The rather cringe worthy approximation comes when they unintentionally assume a slopiness of communication on your part (we leave out all except the most important factor when asking short questions) and that you really meant a few other things except mass are not equal (since the average things that they handle that have radically different masses from each other are rarley if ever identical in shape or volume).
The reason it is cringe worthy is not that its a bad assumption to make in their social circle. But that their soical circle is such that they don’t have enough interactions like this to categorize the question under “sciencey stuff” in their head!
PS I just realized you may have mistyped and meant the old “What is heavier 10 kg of straw or 10 kg of iron?” which ilustrates the point you try to make a bit better (I actually got the wrong answer when saying my mind out right away at the tender age of 7, I realized my error a second to late to avoid the laughing of my schoolmate). But even this is either a faliure of communication or just ignorance of the concept of density.

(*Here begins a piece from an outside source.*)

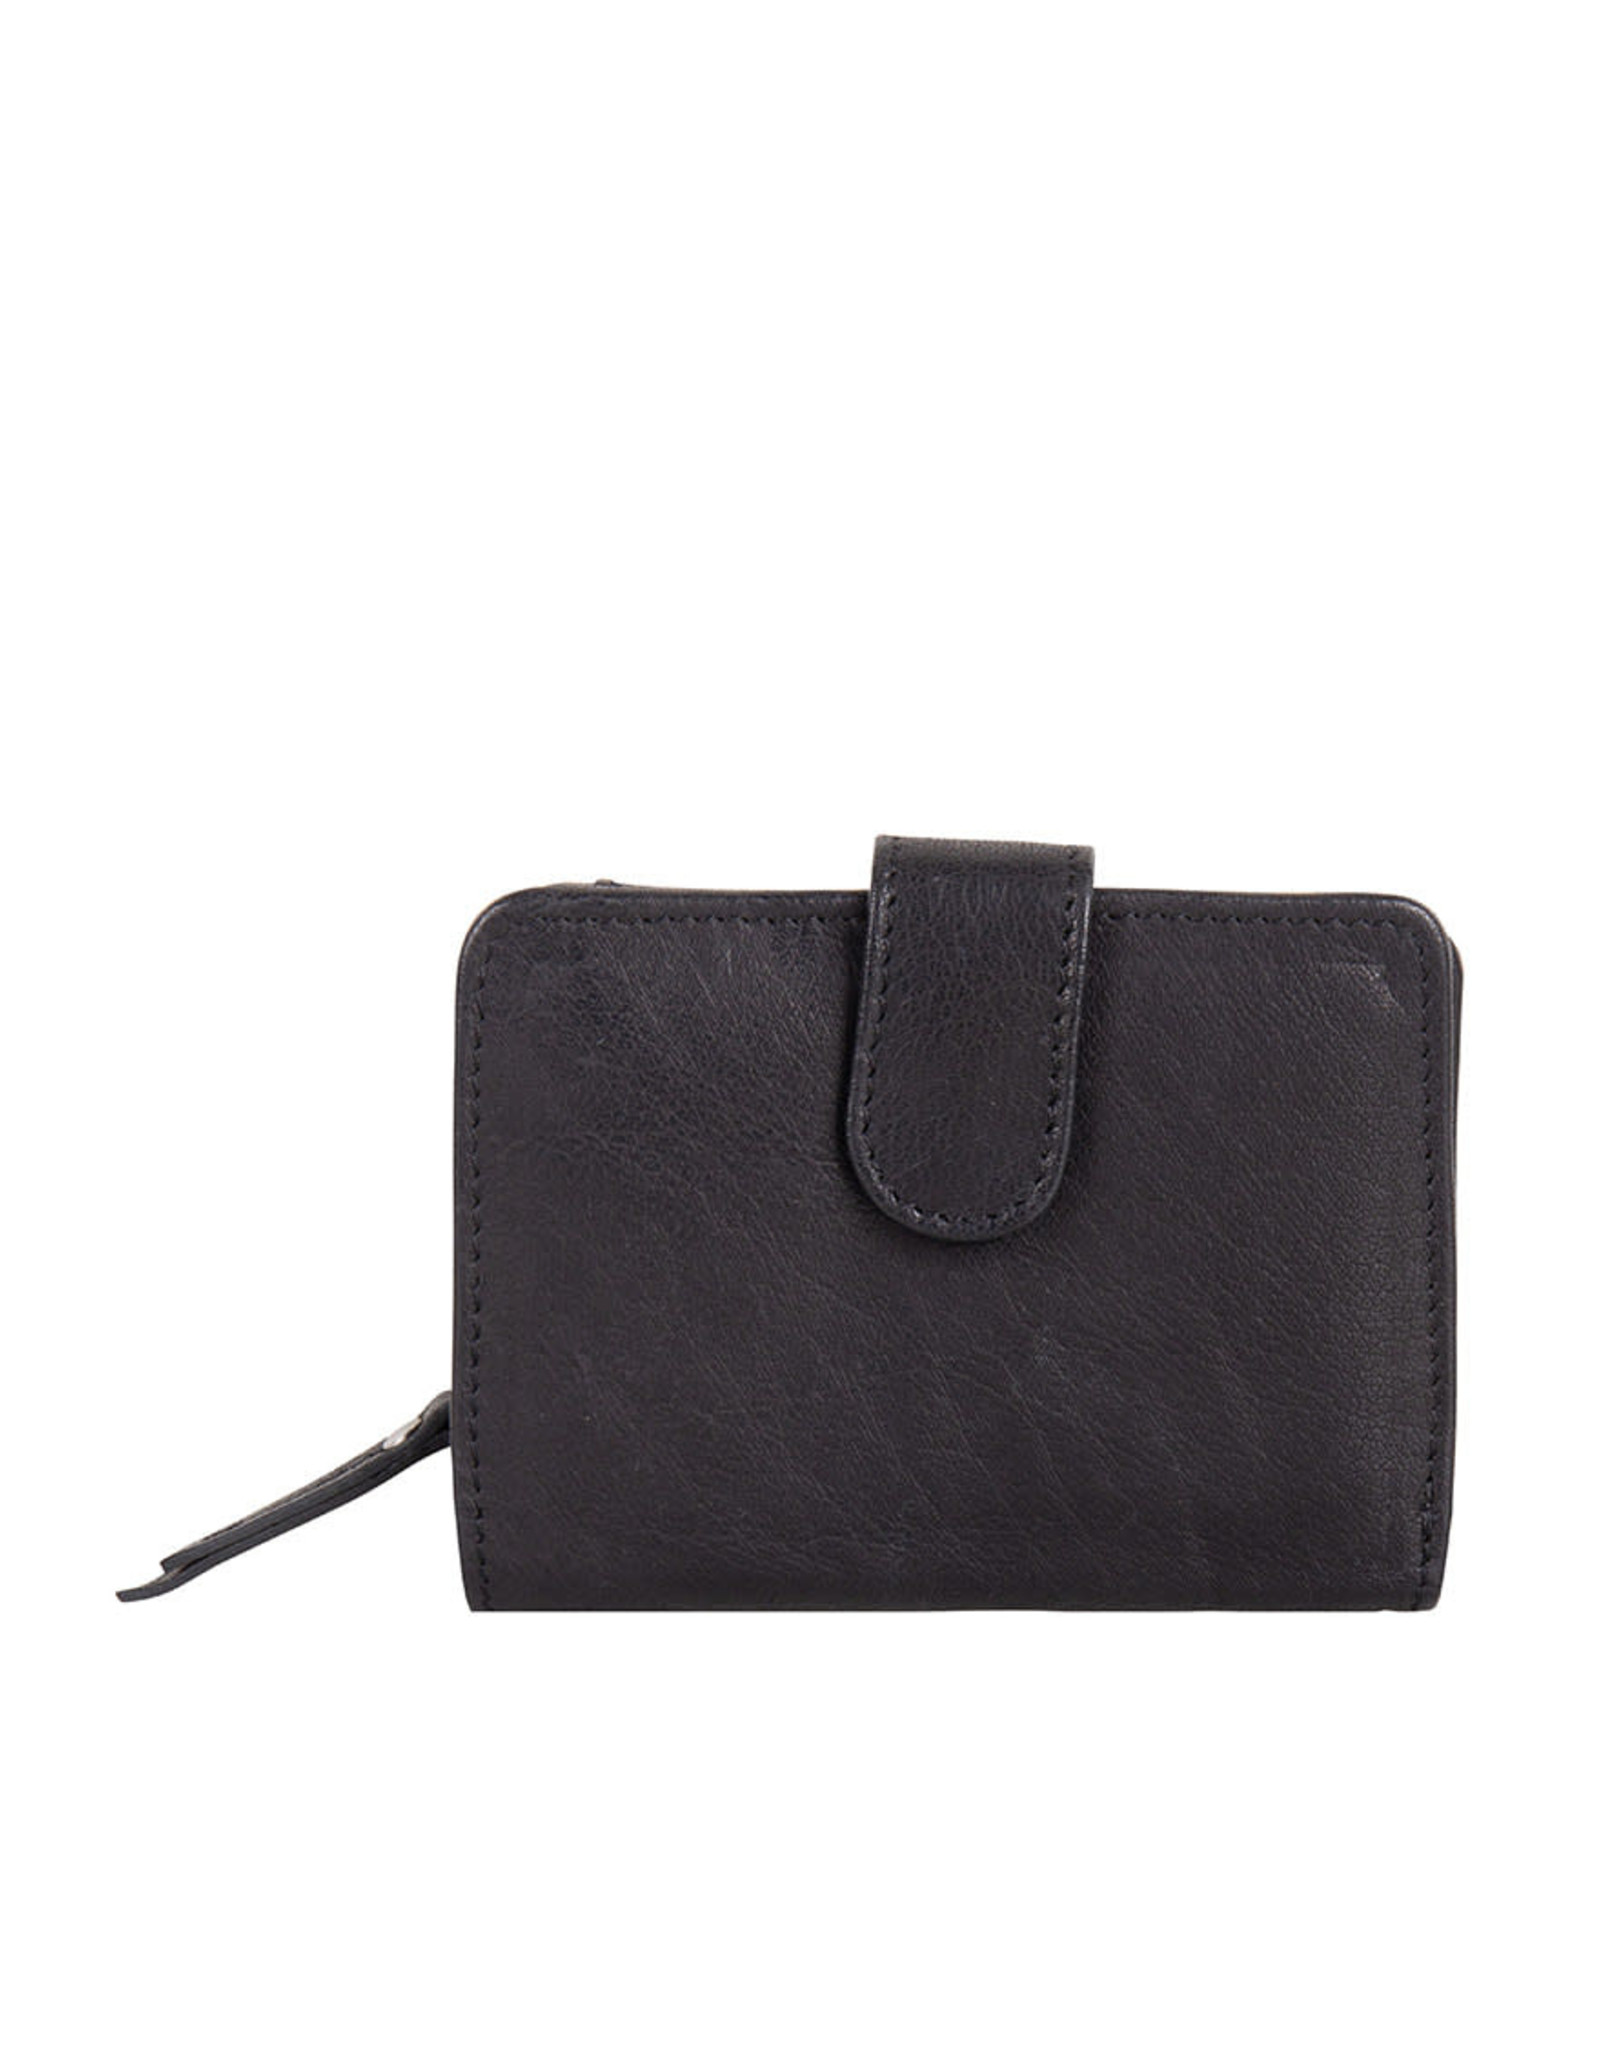 Chabo Chabo Bags  Lola Wallet Black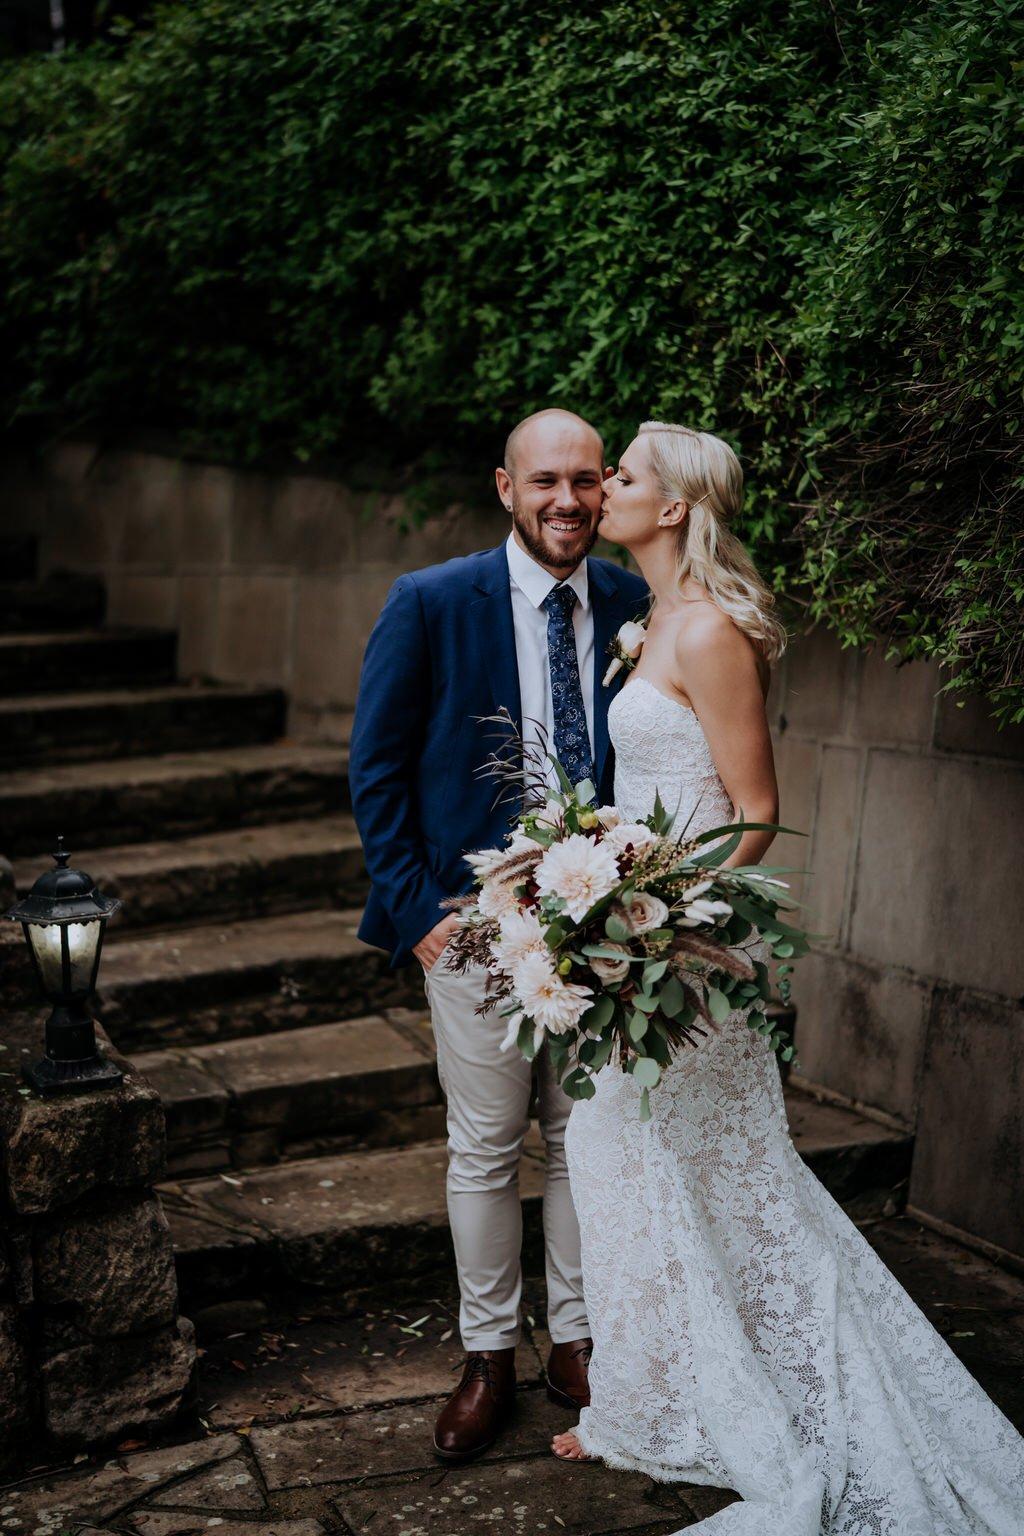 ava-me-photography-jade-simon-loxley-bellbird-hill-kurrajong-heights-wedding-682

No. I meant what I wrote. The thing with the straw and or feathers is just word play, a communication problem. I am talking about an actual misunderstanding of the nature of physics.
I have seen people (science teacher types) ask the question by holding out a rock and a scrunched up piece of paper and asking which will hit the ground first when dropped. There is no sophistry—the universe doesn’t do ‘trick questions’. Buoyancy, friction and drag are all obviously dwarfed here by experimental error. People get the answer wrong. They expect to see the rock hit the ground noticeably earlier. Even more significantly, they are surprised when they both fall about the same speed. In fact, sometimes they go as far as to accuse the demonstrator of playing some sort of trick and insist on performing the experiment themselves.
The same kind of intuitive (mis)understanding of gravity would lead people to also guess wrong about things like what would happen on the moon.
Even better is the question “what weighs more, a pound of feathers, or a pound of gold?”
Gur zrgny vf yvtugre—vg’f zrnfherq va gebl cbhaqf, juvpu unir gjryir bhaprf gb gur cbhaq engure guna fvkgrra, naq n gebl bhapr vf nccebkvzngryl gur fnzr na nibveqhcbvf bhapr.
Feathers have lower density, so the same mass occupies greater volume, experiences greater buoyancy and weighs less.
Edit: I just realized a bit of bias on my part. I probably wouldn’t have commented if you had used SI unit for mass [kg] even though that is just as often used in non-scientific context to mean “what the scale shows” as pounds.
I completley misread what you actually wrote and just took the “what weighs more, a pound of feathers, or a pound of gold” of the previous commenter into account.
You explicitly refer to mass, so sorry if you read the unedited comment.
We have an ambiguity between whether the weight-measure refers to mass or to what the scales show. For two objects (gold and feathers) it is stated that one of these properties is the same, and the question is about the other property. From the context, we can’t obviously disambiguate one way or the other. In such situations, assumptions are usually made to make the problem statement meaningful.